To evaluate the effect of smoothing on our results, we simulated phenotypes from smoothed brain maps. For the ease of computation, we restricted the analysis of smoothed data to the case of 10 associated vertices (R2=0.2). We kept the same associated vertices (and weights) as in the previous simulation from unsmoothed data. Finally, we randomly simulated 100 “null” traits, to evaluate the calibration of the models under the null hypothesis of no association. All simulations were generated using the OSCA software.6

2.6.2.

Inflation of test statistics

First, we compared the empirical distribution of χ2 statistics to the expected distribution, which is assumed to follow a χ2(1) for non-associated (null) vertices. We considered the ratio of empirical over expected median χ2, known as the inflation factor (λ), which is expected to be equal to one across nonassociated vertices. We also used the nominal FPR defined as the proportion of null vertices with p-values<0.05 (expected to be 0.05). Correlation between associated and null vertices (e.g., due to confounding factors) typically result in an inflation of test statistics, which may cause null vertices to reach significance in mass-univariate analyses.

2.6.3.

Discoverability and mapping precision

First, we quantified the model discoverability using the true positive rate (TPR) defined as the proportion or truly associated vertices reaching significance (after Bonferroni correction). Importantly, the TPR is dependent on the FPR, which can limit comparison across models (see Sec. 3.2.4). In addition, we quantified the mapping precision of mass-univariate analyses by reporting the median size of the true positive (TP) clusters. We defined TP clusters as sets of significant contiguous vertices of the mesh that contain a TP vertex.

2.6.4.

False positives and statistical power

We reported the familywise error rate (FWER) defined as the proportion of replicates with at least one false positive vertex (null vertex significant after Bonferroni correction). In the presence of strong correlation between neighboring vertices, it is statistically difficult to separate a TP vertex from the flanking ones, thus we can expect an FWER greater than 5%. Hence, we also reported the cluster FWER defined as the proportion of replicates with at least one false positive cluster. FWER is more stringent than false discovery rate (FDR), implying that any false positives that remain after FWER correction would also be observed using FDR.

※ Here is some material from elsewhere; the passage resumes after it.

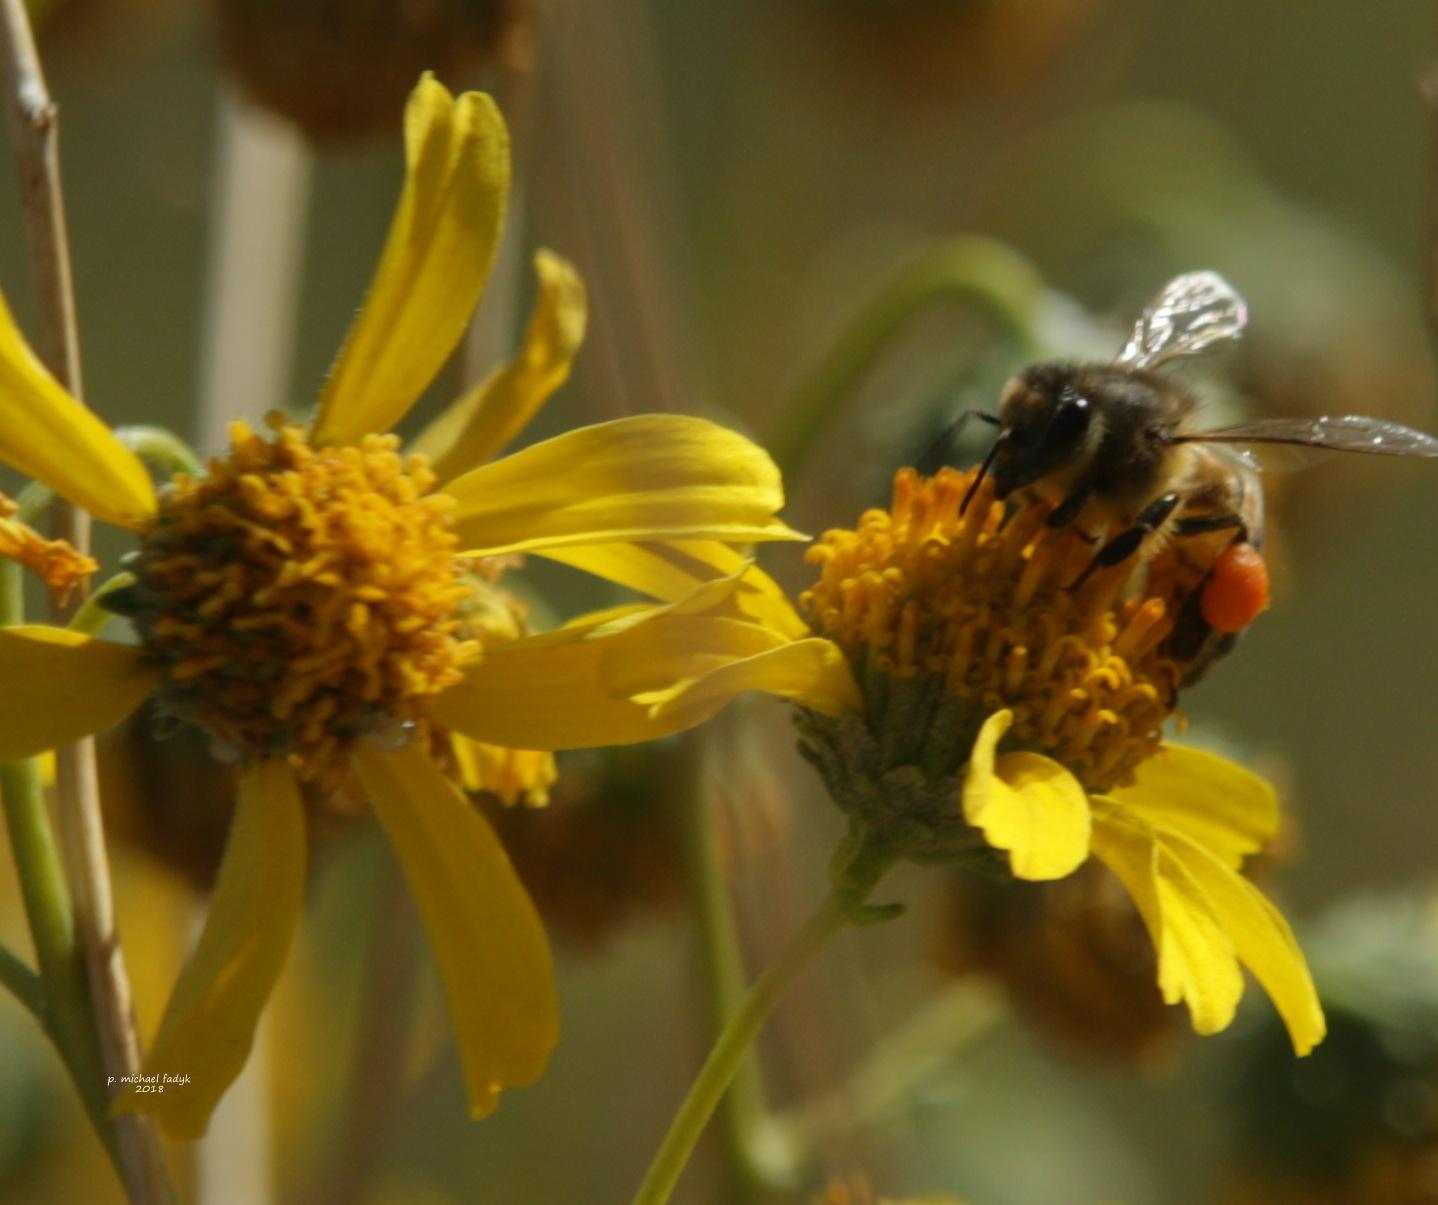 buzz 7 by P. Michael Fadyk
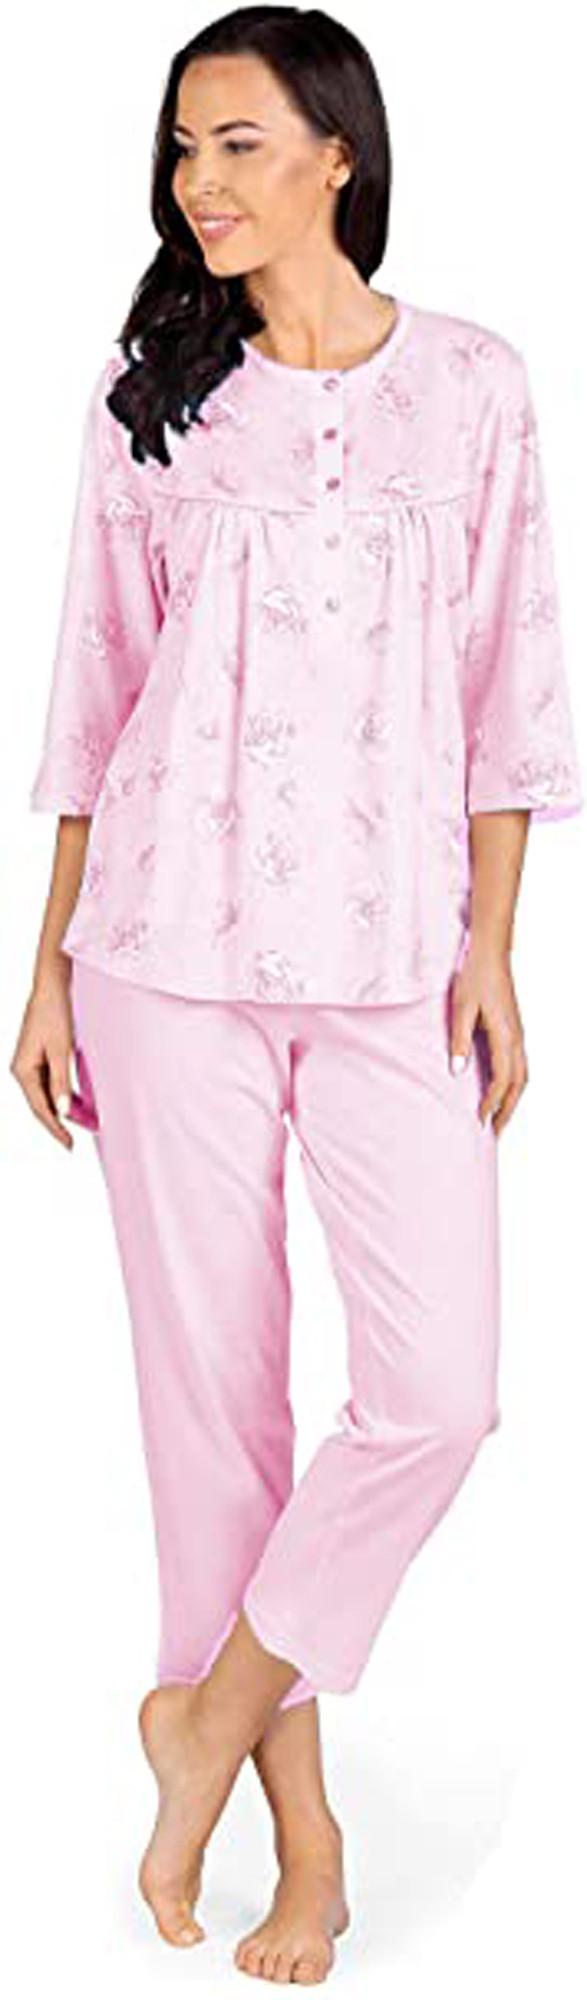 Comtessa Damen Schlafanzug halber Arm Rosa 38 40 42 44 46 48 50 52 54 56 58 100% Baumwolle

To account for the models’ differences in FWER, we further reported the statistical power, defined as the TPR for a set risk alpha. We chose cluster FWER<0.2, which was easier to achieve than the traditional FWER<0.05, as we enforced comparable FWER by iteratively lowering the significance threshold, for each of the models (Appendix 2 in the Supplemental Material). The choice of risk alpha does not impact the relative performance of the models, and we can expect models best powered for FWER<0.2 to also be best powered at other FWER levels.

Finally, we reported the proportion of false positive clusters out of all significant clusters (cluster FDR). We labeled false positive clusters, the groups of significantly associated, contiguous vertices that did not contain a TP association.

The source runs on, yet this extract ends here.